Sabre-ising Outdoor media

In 1953 an IBM salesman boarded an American Airlines flight from Los Angeles to New York. In the pre business class days, Blair Smith sat at the back of the plane, where he found himself seated next to a dishevelled unshaven man, who over the next couple of hours would establish himself as both a master conversationalist and the current President of American Airlines, C.R. Smith. 

When the two arrived in New York the seeds had been sown for a 6 year R&D project between IBM and American Airlines called SABRE (or its less catchy name: "Semi Automated Business Research Environment") a system which ultimately reinvented the way we travel. As Wired magazine also points out, “it shook up computer science too”. Today in the world of self service, online reservations, SABRE is still used to book flights on hundreds of airlines. 50 years on there are lessons for other industries, not least the the outdoor advertising industry where BitPoster is focused, and where many of the pre SABRE practices continue. 

Before SABRE, American Airlines reservationists kept track of travellers in much the same way that restaurant waiters keep track of dinner orders. The used ‘lazy susans’ like the one shown below.

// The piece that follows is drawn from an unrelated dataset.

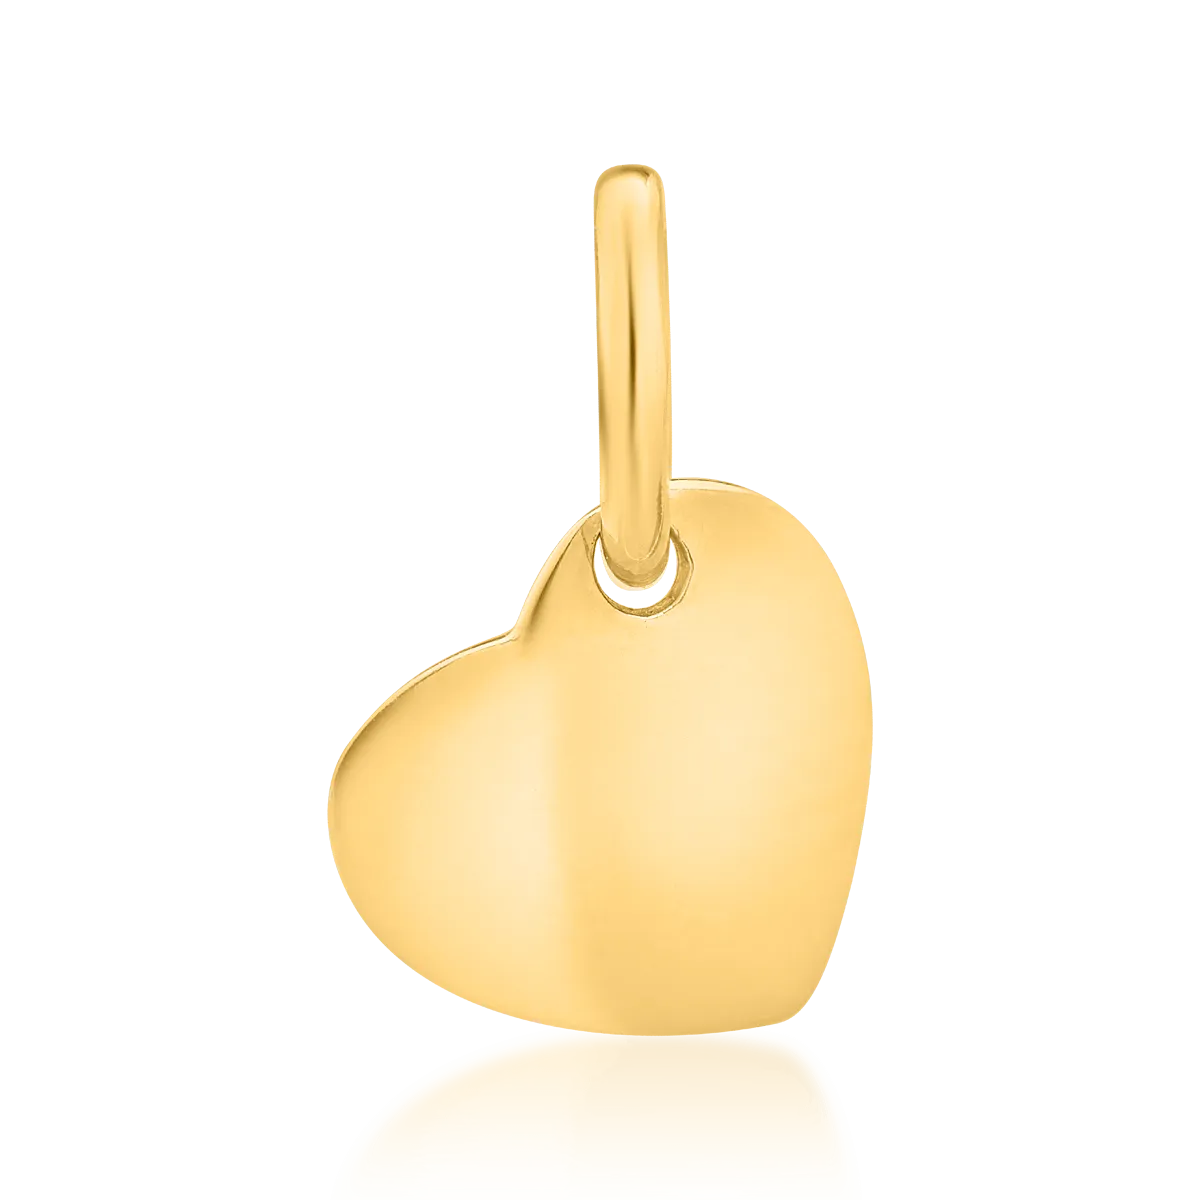 14K yellow gold heart pendant
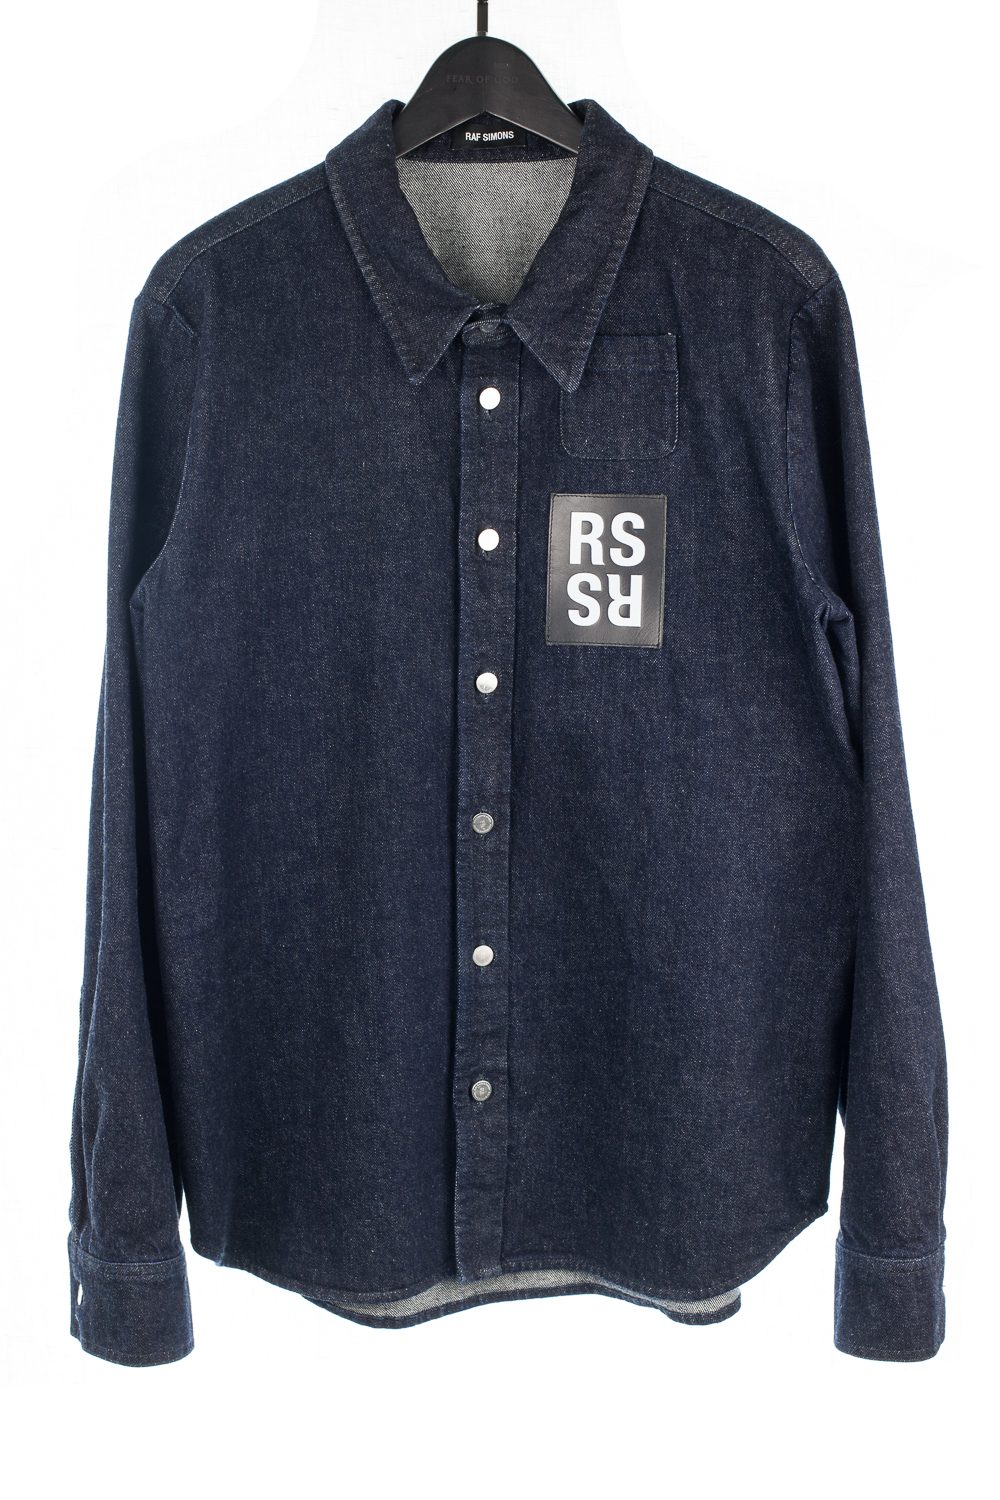 “RS” Patchwork Heavy Denim Shirt Jacket

American Airlines "Lazy Susan"

American Airlines "Lazy Susan"

This was a clumsy, ineffective system that was costing American Airlines money. Sales cost per ticket were very high, demand based pricing was impossible and there was significant 'inventory' wastage - airplanes were flying with empty seats and about 80% of them were because of bookkeeping errors from paper-based processing. With unsold outdoor media often running at 50%+, and the lazy susan equivalent of telephone, email and excel spreadsheet the weapons of current choice for the market, the scope to "SABRE-ise" is clear: It's shocking in fact that it is 2015 and it hasn't yet happened in every applicable industry. 

SABRE’s first system was made up of two IBM mainframe computers, based in New York. 8 years after the 2 Smiths had shared a flight together the 1st live system connected 1,500 terminals across the US and Canada. The hardware alone cost about $30m, or around $250m in today’s money. The hardware order from American was at the time the biggest ever received by IBM. 

Being able to have instant updates to its seat inventory and passenger information gave American a huge competitive advantage - they could price and sell in real time through a distributed network. American’s reservationists connected remotely via custom terminals to the IBM mainframes in New York, with data exchanged via an IBM created "frequency modulation data transmission” that worked over AT&T’s telephone lines. There really was a time ‘pre-internet’.  

By 1965 Sabre was handling 7500 reservations per hour; which given that it took American 90 minutes to process each reservation under the lazy susan system, this was an epic efficiency improvement. In our market the current average processing time for transactions is 55 man hours with the bottlenecks around manual checking of availability and matching advertiser briefs to that inventory.

The market consequences are the same - human errors, undersold inventory and limited dynamic pricing. As the network of outdoor screens digitises and the scope develops for literally infinite numbers of bookings the lost opportunity also grows exponentially. BitPoster is taking the lessons from Sabre to solve this problem, and we're helped by where the tech ecosystem is at versus when C.R. and Blair Smith started talking. 

The entry ticket price for SABRE was $30m ($250m in todays money) on hardware alone, covering the mainframe computers, the terminals, the AT&T line access and the engineering, all of which was bespoke, closed loop and requiring highly specialised operators.

In 2015, cloud based servers that are distributed, shared and standardised for access from any device, combined with open source software that is flexible, scalable and very cheap mean the creation of a SABRE-like system comes with a tiny entry ticket by comparison, and ongoing operations requirements can be made for customer self-service as the likes of Expedia, Opodo and BA.com all provide.